No. 9. — Mr. Mantell to Mr. Rolleston

No. 9.
Mr. Mantell to Mr. Rolleston.

Mr. Rolleston,—

A reference to previous papers would have saved the trouble of noticing a communication from Natanahira Waruwarutu; a reference of his first letter to me would have saved the trouble which has been imposed on the Attorney-General.

On that gentleman's minute I must be permitted to remark, that the translation of the deed of 1848 submitted to him is erroneous;—that one at least of its errors is such as requires no knowledge of the Maori language to detect—that the signatures of the vendors are, although added at the foot of the paper, not placed in such a position as to seem to be what they are; that there seems to have been submitted to him no proof either that those who signed were the owners of the land, or that the marks were made by those whose names are written beside them, or that Taiaroa and Solomon had any right whatever to sign for men of superior rank and interest who were absent from and ignorant of the transaction; and that the translation in question does not show how, if at all, Colonel Wakefield is so identified with the Crown that land conveyed to the former should at once become the property of the latter.

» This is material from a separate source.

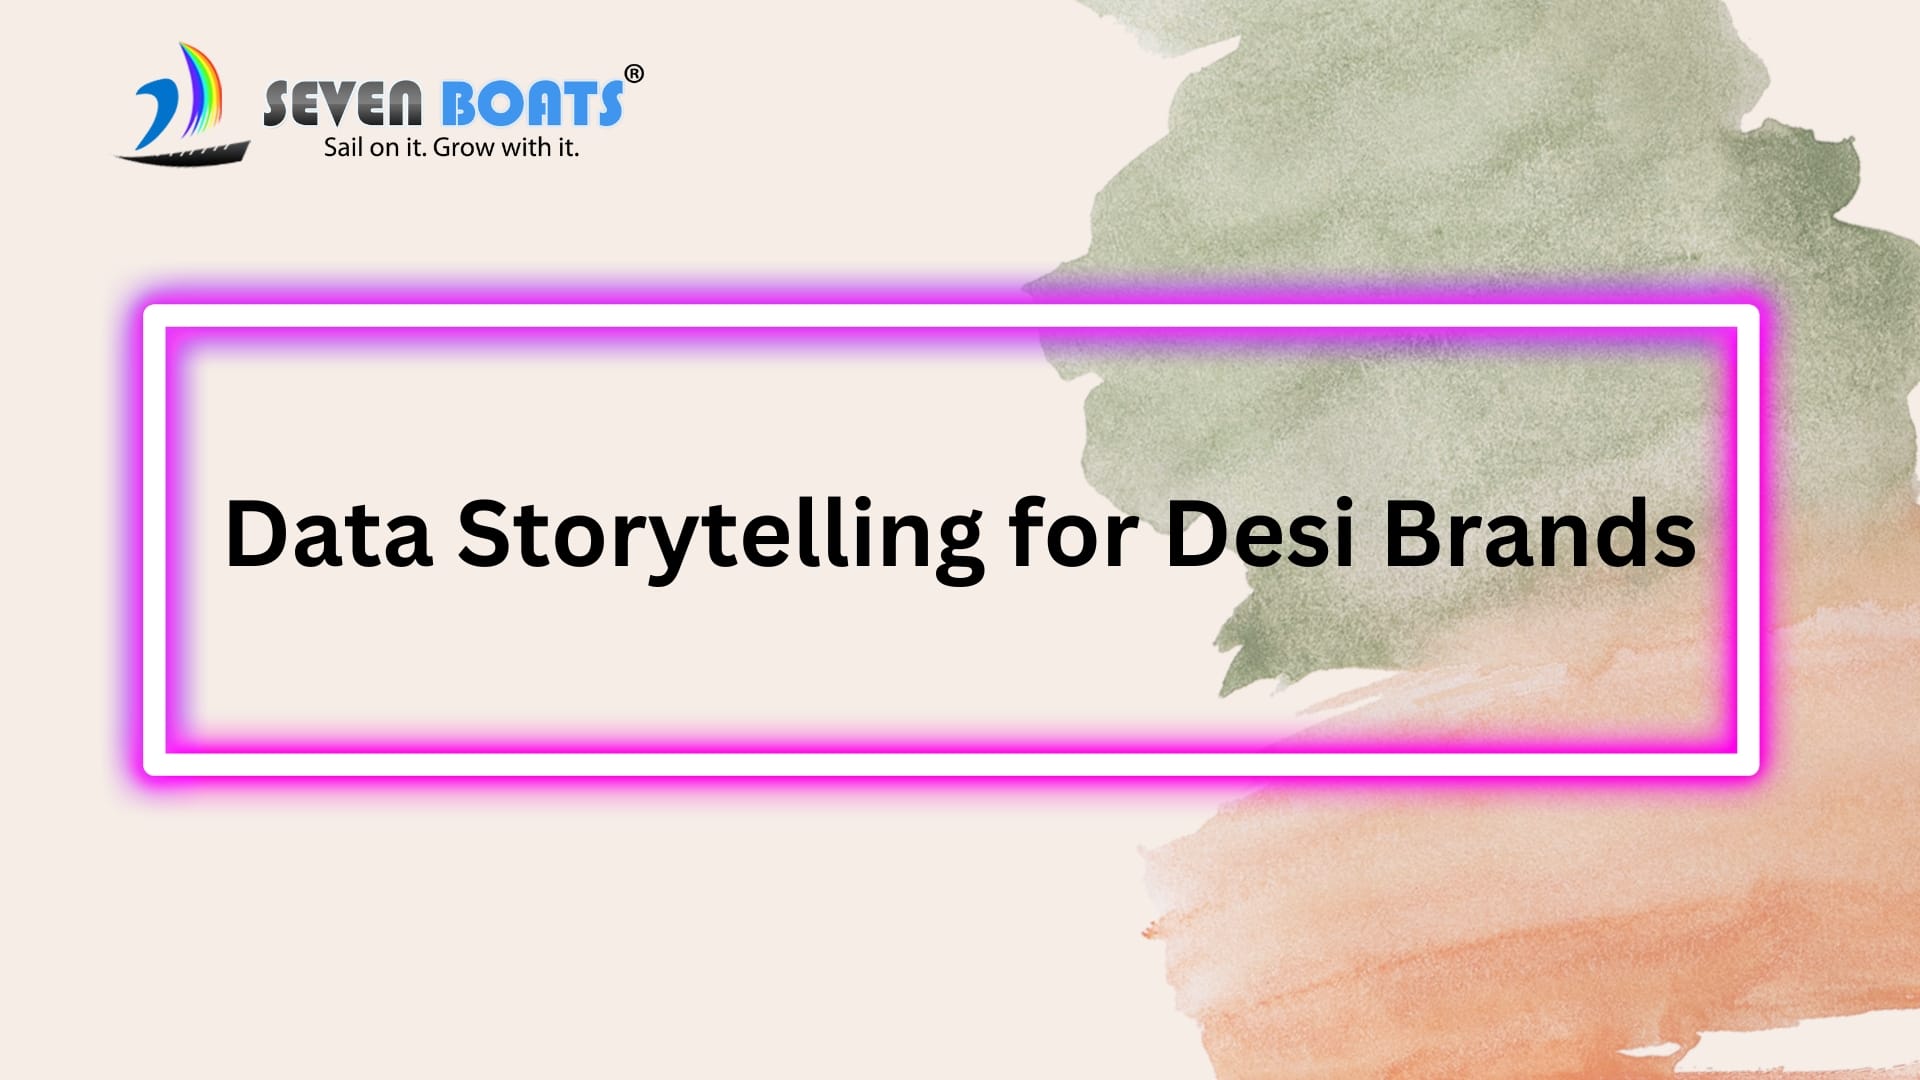 Data Storytelling for Desi Brands.

I do not pretend to question the propriety or correctness of the Attorney-General's opinion, but as I distinctly remember that the Crown Law Officer (Mr. D. Wakefield), at the time at which the deed was made, having before him the deed itself as well as its translation by the officer who drew it, declared it to be illegal and "not worth the parchment on which it was written," and that the Government here shared that opinion. I do think I may be permitted to express my appreciation of the progress which we have since made in the application (when permitted by our Parliament) or adaptation of English law to questions of Native title to land. From that period of timid punctiliousness in 1848 we have now, unless the case before me be exceptional, which I have no reason to suppose, reached a time when it would seem that any deed drawn anyhow from any Maori to any European conveys any land "within the boundaries specified in the deed and plan" from whatever Maoris may have owned it page 242to the Crown. The high respect universally entertained for Mr. Prendergast's legal knowledge convinces me that it would be impossible to attach too great importance to the bearings of his opinion in the present case.

The validity of the document of 1848 being thus satisfactorily established, or rather its validity as conveying to the Crown all lands within the boundaries specified in it and the plan, but not clearly so in respect of the provision in favour of the Natives which it contains, I feel no difficulty whatever with regard to the eel-fishing question. Bound as I then felt, pending the execution of the new deed which the Government deemed absolutely necessary, to maintain the validity of that under comment, I treated with the Natives in all matters connected with their reserves with a high hand, and as if I possessed the unquestionable right to do so. At almost every reserve the right to maintain the old and to make new eel-weirs was claimed, but I knew these weirs to be so great an impediment to the drainage of the country that in no case would I give way upon this point, although unfortunately my difficulty was much increased by their knowledge that at a sale then recently made in this Island, a general reservation of this right to the Natives had been conceded.

At Lake Ellesmere (then called Waihora) I showed Maopo, Pohau, and others of the Kaiteruahikihiki interested at Taumutu that although years might elapse ere their old style of breaking the dam might be interfered with, the stoppage of the outlet must so seriously affect the drainage of so large an extent of country that the Government must be quite free to do as it pleased with regard to it.

All that I promised at any place to the Maoris on this subject was, that their rights of fishing on and beyond their own lands should be neither less nor more than those of Europeans; and this promise I hope the Government may for a time permit to hold good.

I have, &c.,

Wellington,12th April, 1866.Walter Mantell.